The Knowledge System in Black Desert is like a toy box
The new MMORPG Black Desert has a knowledge system, it has interfaces with collections and toy boxes that we want to fill. Simply because they are there. Like back in the days, sticking pictures in Panini albums – just so that wherever one belongs, one is there. No one questions: Why am I doing this?
The knowledge system tells us: In the NPC collection of the first village, you are still missing someone. You still have gaps in your knowledge here, and you haven’t fully understood all the goblins yet.
Every time we gain “knowledge” in the world, it is displayed at the top with a message: “You now know the names of the three cats of the little girl,” it says there when we fetch a cat for a girl from a well in the first real city. Then it is neatly noted and entered into a “big golden book”. Well, actually more into an interface.

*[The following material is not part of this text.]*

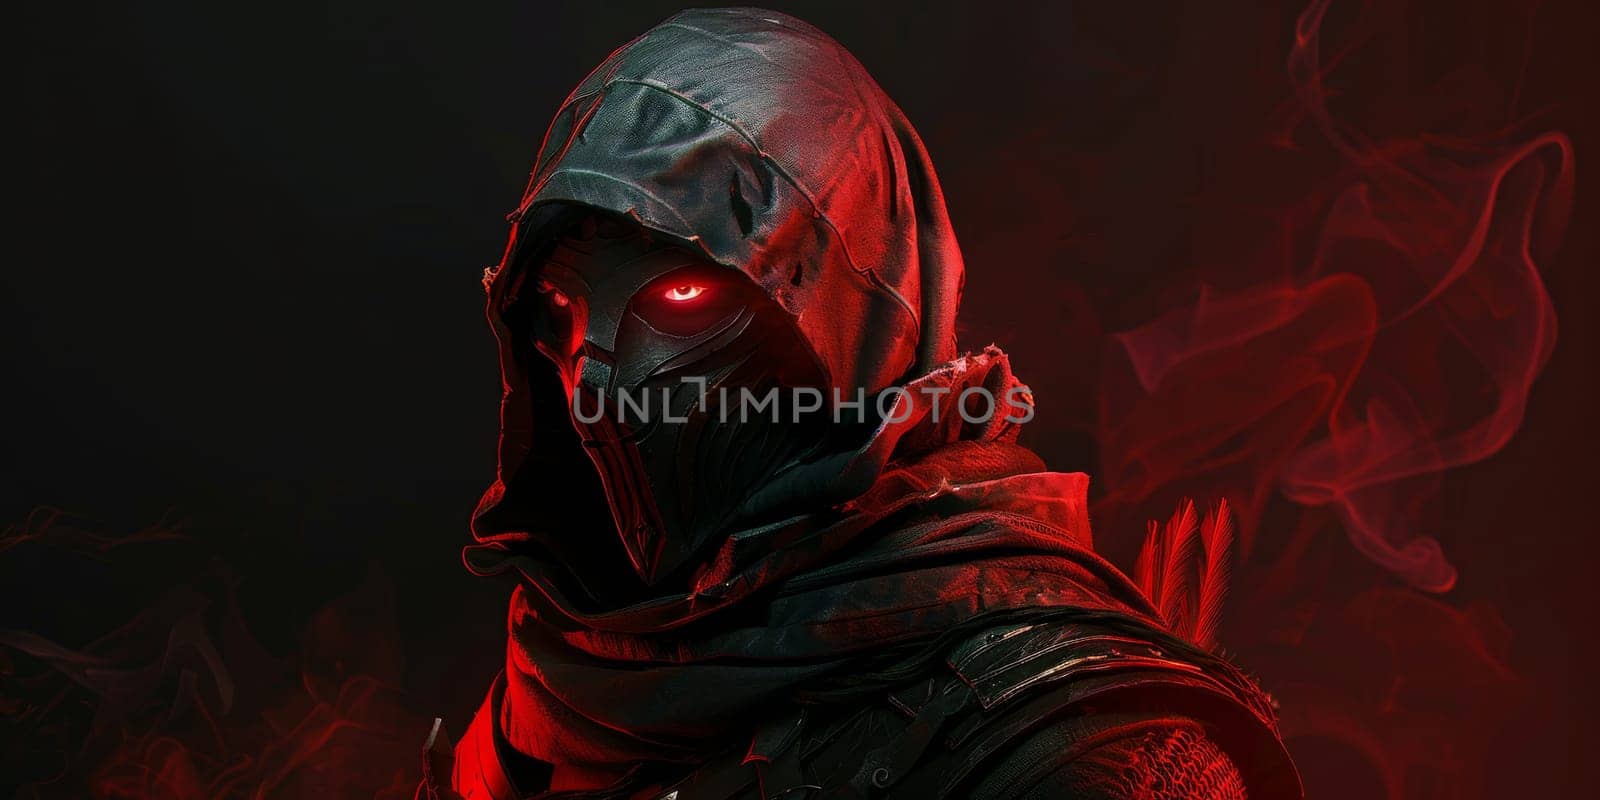 A man assassin wearing a red hooded suit with a red eyes

And I have that feeling again: It will surely be useful for something to know the names of the three cats of the little girl. Maybe someday a giant or an archdemon will ask about it. They do that! Everyone knows that.
My expensive knowledge about “the coastal cave” or “repair” will surely be useful for something! And the fact that I broke my neck while jumping down the slope will also be good for something! Just like my 4 in math back then or the fact that I watched 10 seasons of Grey’s Anatomy.
Somehow, one misses the meaning of being

It worries me a bit that I have no idea anymore what the dead cat in Icewind Dale 2 was actually useful for. But that after 15 years I still believe it is beneficial to know the names of the 3 cats of the little girl and that it gives me a good feeling… I find that somehow beautiful.
Maybe I like the feeling that the world is alright when every action and every deed leads to something, has some hidden meaning, is noted, written down, and collected. That there is someone who makes sure that all threads lead somewhere, that everything has some meaningful consequence.
And if it isn’t like that, then at least it’s a nice thought.